So, is there is a bond epidemic / bubble?  Given the stance of the global central banks to keep interest rates at artificially low levels, it is likely not an epidemic that is going to end in the short term.  In fact, we are actually aggressively allocated to U.S. government bonds as we think equities are at an extreme and growth is continuing to slow.  Certainly though, James Bond, the research analyst, would be gathering his intelligence and watching and waiting for an opportunity to sell the high yield bond market.

 

As we show in the Chart of the Day below, which we have aptly named, From the Central Banks with Love, the high yield market is at a generational low in yield.  Obviously when studying a corporate bond, there are a number of factors to analyze in determining whether it is overvalued or undervalued.  Certainly, the overall interest rate environment is critical, but ultimately the prospects of the company are the drivers of a junk bond’s value, especially given the bond’s inferior position in the capital structure.  Therefore, given that yields in the junk bond market are literally at generational lows, it implies that default risk is also close to an all-time low.  Personally, I’d need a few James Bond-esque martinis before I’d believe that last point to be an accurate assessment of default risk.

 

Speaking of bonds, Der Spiegel reported this weekend that the ECB may set a specific threshold to cap periphery bond yields at its meeting in September.  The immediate reaction in the European sovereign debt markets is, not surprisingly, positive as credit default swaps are trading tighter across the board.  As well, the Spanish 10-year is back down to 6.19%.  Even if positive in the short term, broad intervention in a large market speaks to another epidemic, the epidemic of government intervention in the free markets.  Random intervention by governments does not build confidence in the markets.  And confidence is what is sorely missing in the European debt markets.

 

In the latest sign that global growth is slowing, the Shanghai Composite hit a fresh three and a half year low this morning.   The Chinese equity markets may not always garner headlines in the U.S. financial media, but nonetheless China remains the engine for global growth and as China goes so goes marginal global growth.  Thursday will give us some important insights on Chinese and global growth as flash PMIs are reported for China, Europe and the United States.

 

Keith is back in Thunder Bay this week taking some time off with his family ahead of what is going to be a busy next few months at Hedgeye, so we will be highlighting some of the key calls from our broader research team this week.  This will be kicked off this morning with our Financials Sector Head Josh Steiner and our Retail Sector Brian McGough leading our morning client call at 830 a.m.  Email qa@hedgeye.com if you like to ask them any questions, or get access to the call.

 

Although we are currently not short it in the Virtual Portfolio, one of McGough’s favorite short ideas has been J.C. Penney.   We’ve been consistently short JCP for the past fifteen months and will likely look to re-short when we see our level.  McGough had the following to say after JCP’s recent earnings announcement:

 

“We won't bother with the full financial review.
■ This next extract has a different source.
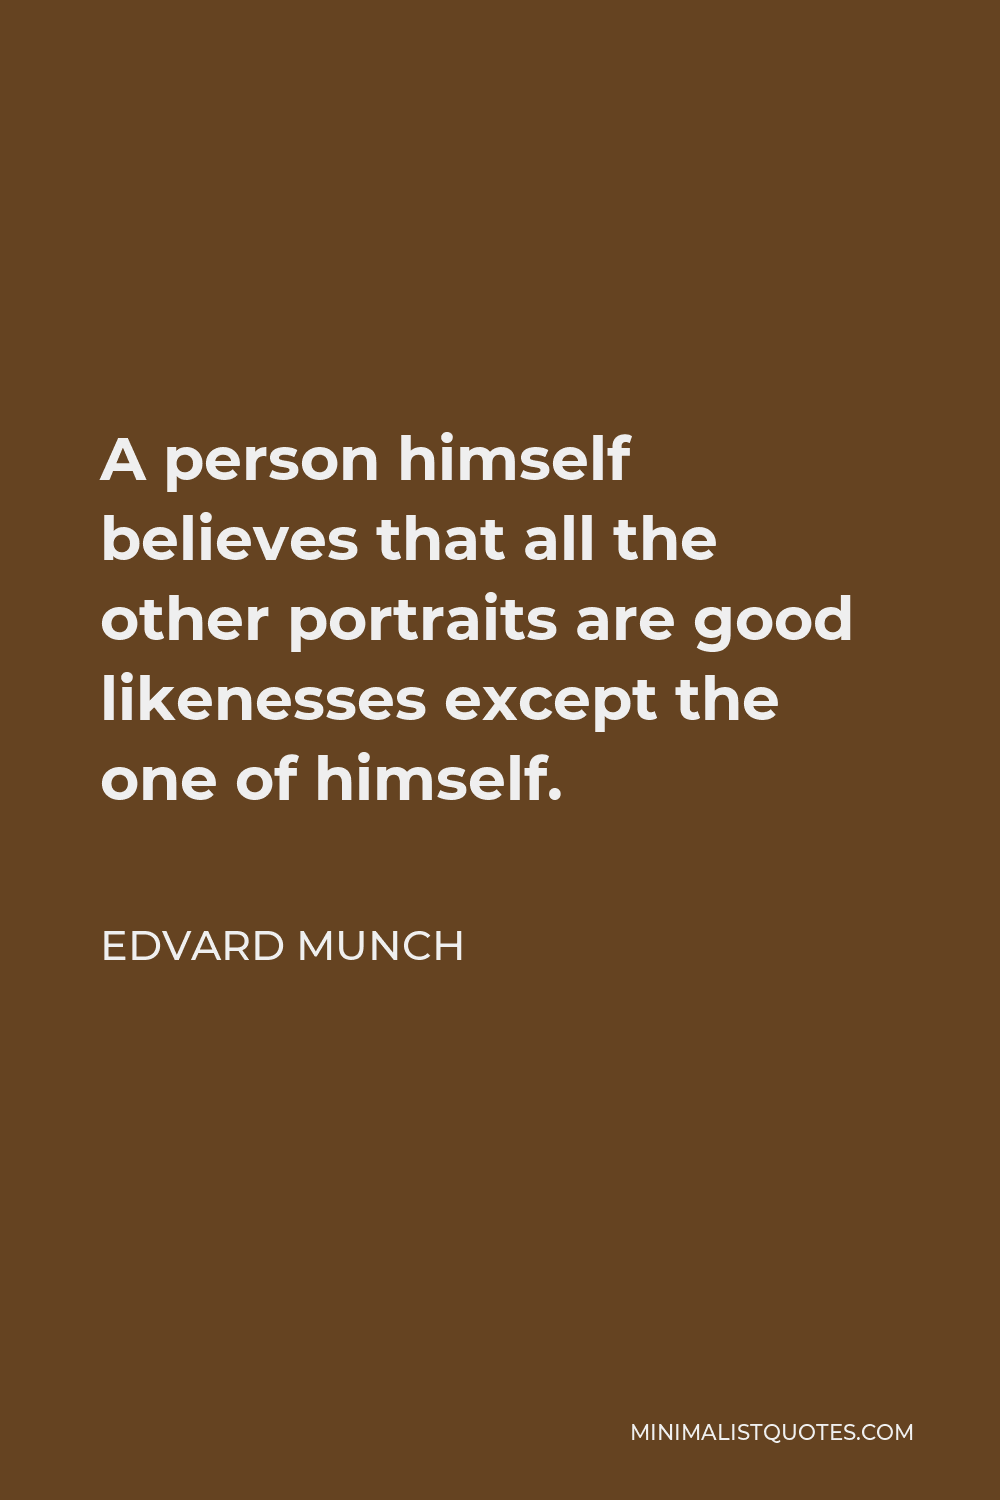 Edvard Munch Quote - A person himself believes that all the other portraits are good likenesses except the one of himself.

Comps down -22%, dot.com down 33% and a ($0.67) loss pretty much sums that up.

 

But that's the past. We invest for the future. One thing that matters in investing for the future is believing in who is running the ship. We initially figured that Johnson's Apple halo would have lasted 18-24 months. But about 5-minutes into his commentary today, his credibility stood up, ran out the door, and got hit by a bus.

 

Last quarter, his level of arrogance around communicating the message was bothersome. He spoke to the Street like we were toddlers, or at least retail novices. He glossed over the bad, and played up whatever positive statistic he could find. A JV mistake for a new CEO.”

 

As it relates to CEO Ron Johnson at J.C. Penney, or really any CEO of a large public company, perhaps Ian Fleming said it best when he wrote:

 

“Once is happenstance. Twice is coincidence.  Three times is enemy action.”

 

Indeed.

 

Our immediate-term support and resistance ranges for Gold, Oil (Brent), US Dollar, EUR/USD, 10yr UST Yield, and the SP500 are now $1601-1624, $110.89-115.21, $82.20-82.89, $1.22-1.24, 1.72-1.87%, and 1406-1419, respectively.

 

 

Keep your head up and stick on the ice,

 

Daryl G. Jones

Director of Research

 

Bonds.  James Bonds. - Chart of the Day

 

 

Bonds.  James Bonds. - Virtual Portfolio

 


Weekly European Monitor: Grinding Higher?

Takeaway: Despite sovereign yields moderating, growth remains constrained and austerity’s tail is not fully priced in across Europe.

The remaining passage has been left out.